El mismo debate, otra televisión, otro país
El escenario desangelado, la realización minimalista, el moderador desaparecido. Veníamos de ver contiendas más ágiles y dinámicas. Estuvieron mejor los medios privados
La Academia de Televisión era territorio neutral. Como ha ocurrido desde 2008, los candidatos de PP y PSOE preferían ese escenario para su cara a cara, en vez de una cadena pública o privada. La fórmula, además de evitar suspicacias, aseguraba una difusión masiva (9,7 millones de espectadores, récord del año). Neutral desde luego fue la Academia: demasiado neutral. Como la Cruz Roja en medio de una batalla. El moderador, el veterano Manuel Campo Vidal, apenas intervenía, ni siquiera cuando Sánchez y Rajoy hablaban a la vez y no se les entendía. Tampoco cuando no respondían al tema planteado (Cataluña) porque no habían resuelto el anterior (corrupción). En la primera intervención del socialista, en esa sí, Campo Vidal le cortó por criticar la ausencia de Rajoy en otros debates; luego se esfumó. Se comprende que adoptara un perfil bajo: no era el protagonista. Pero tampoco tenía que desaparecer del todo. El árbitro tiene que estar en el campo.
Habían anunciado Campo Vidal y el realizador, Fernando Navarrete, que solo sería importante la palabra. No el escenario (un plató desangelado) ni la realización (minimalista). Lo que vimos, esa mesa blanca con los candidatos sentados y rodeados de papeles, era anticuado y estático, en contraste con la agitación que alcanzó la discusión. Como producto televisivo, no fue distinto al González-Aznar de 1993, pero tanto el medio como la política han cambiado mucho desde entonces.

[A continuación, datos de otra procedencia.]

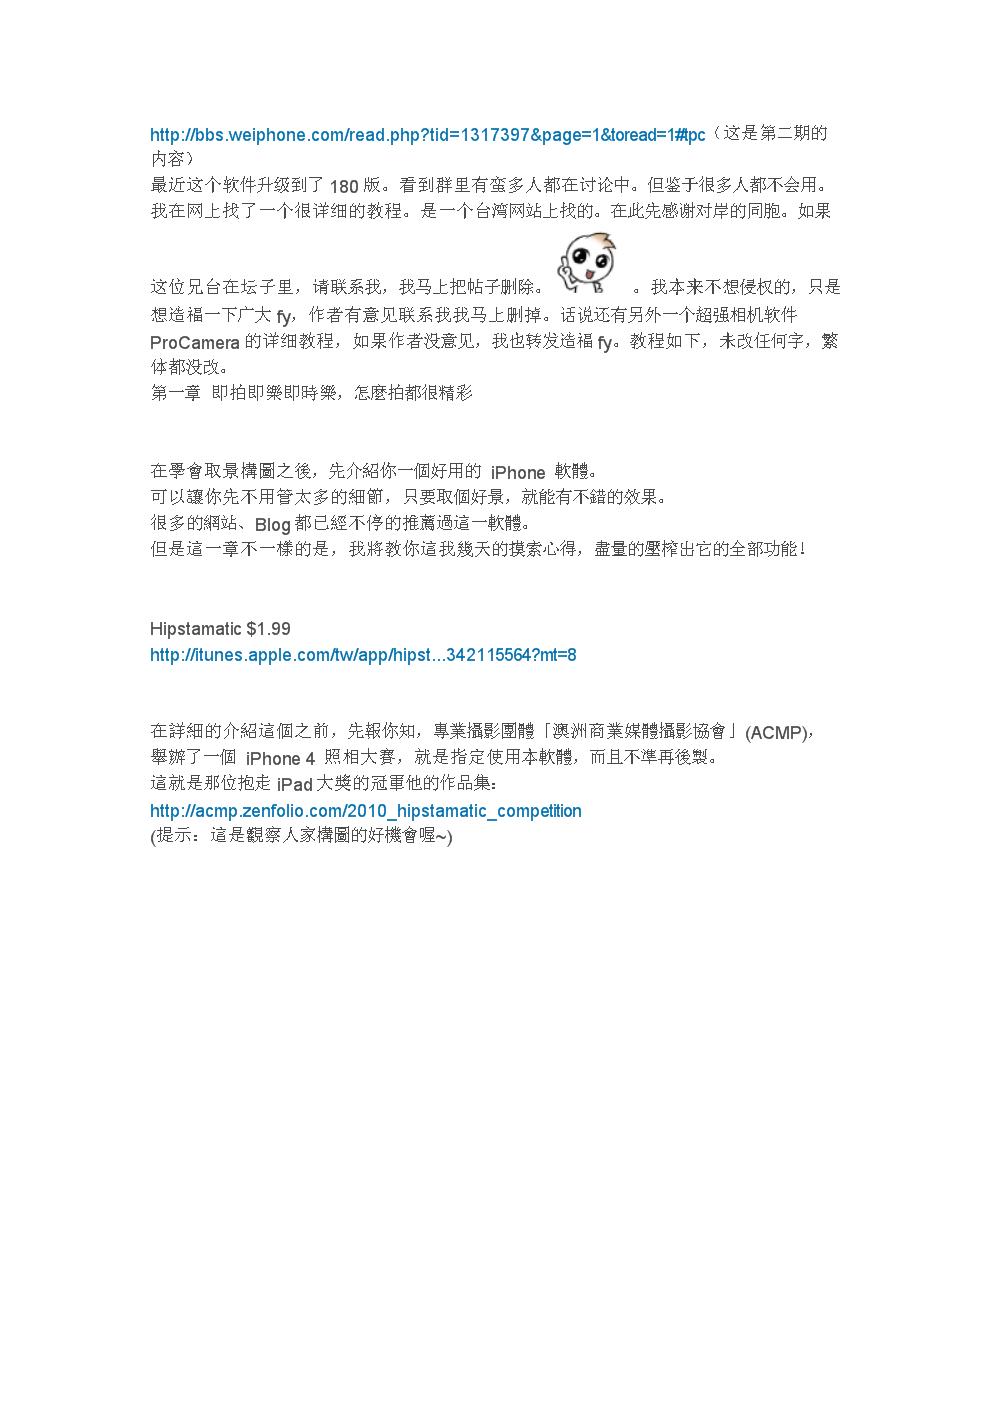 Hipstamatic最牛的摄影软件终极教程.docx

Veníamos de asistir a debates más ágiles y dinámicos. Desde la charla de café entre Rivera e Iglesias en Salvados (no fue un debate: se emitió editado y en diferido, pero abrió apetito), se celebraron dos contiendas de gran impacto: a tres entre Sánchez, Iglesias y Rivera en EL PAÍS, y a cuatro con estos y Soraya Sáenz de Santamaría en Atresmedia. En ambos programas vimos a los candidatos de pie, cámaras que seguían sus gestos o los contraponían, la flexibilidad anunciada, periodistas que preguntaban con intención. La televisión pública acogió encuentros sectoriales de formato más convencional, sin los líderes principales y en horarios de madrugada disuasorios para el espectador, hasta que la Junta Electoral obligó a adelantar a hora razonable el último debate a nueve. Al final, fueron más atractivos los debates en los medios privados que los de los públicos, y desde luego que el pretendido neutral.
Un cambio evidente en todos los formatos: se acabó la sucesión de monólogos. Eso de que se plantee un tema y cada uno tenga sus dos o tres minutos para dar su mensaje sin tener que responder al otro. Será una concesión a la política espectáculo, que está aquí para quedarse, pero la interrupción da viveza al diálogo. También puede llevar a que se alcancen niveles de agresividad inauditos, lo que no será cortés, pero puede ser clarificador. El contraste entre la dureza con que se trataron Sánchez y Rajoy y la amabilidad entre Iglesias y Rivera en el programa posterior en La Sexta también acentuaba contrastes: ¿no decían que es lo mismo PP que PSOE? No son tan nítidas las fronteras entre la nueva y la vieja política. Sí entre televisión rancia y moderna.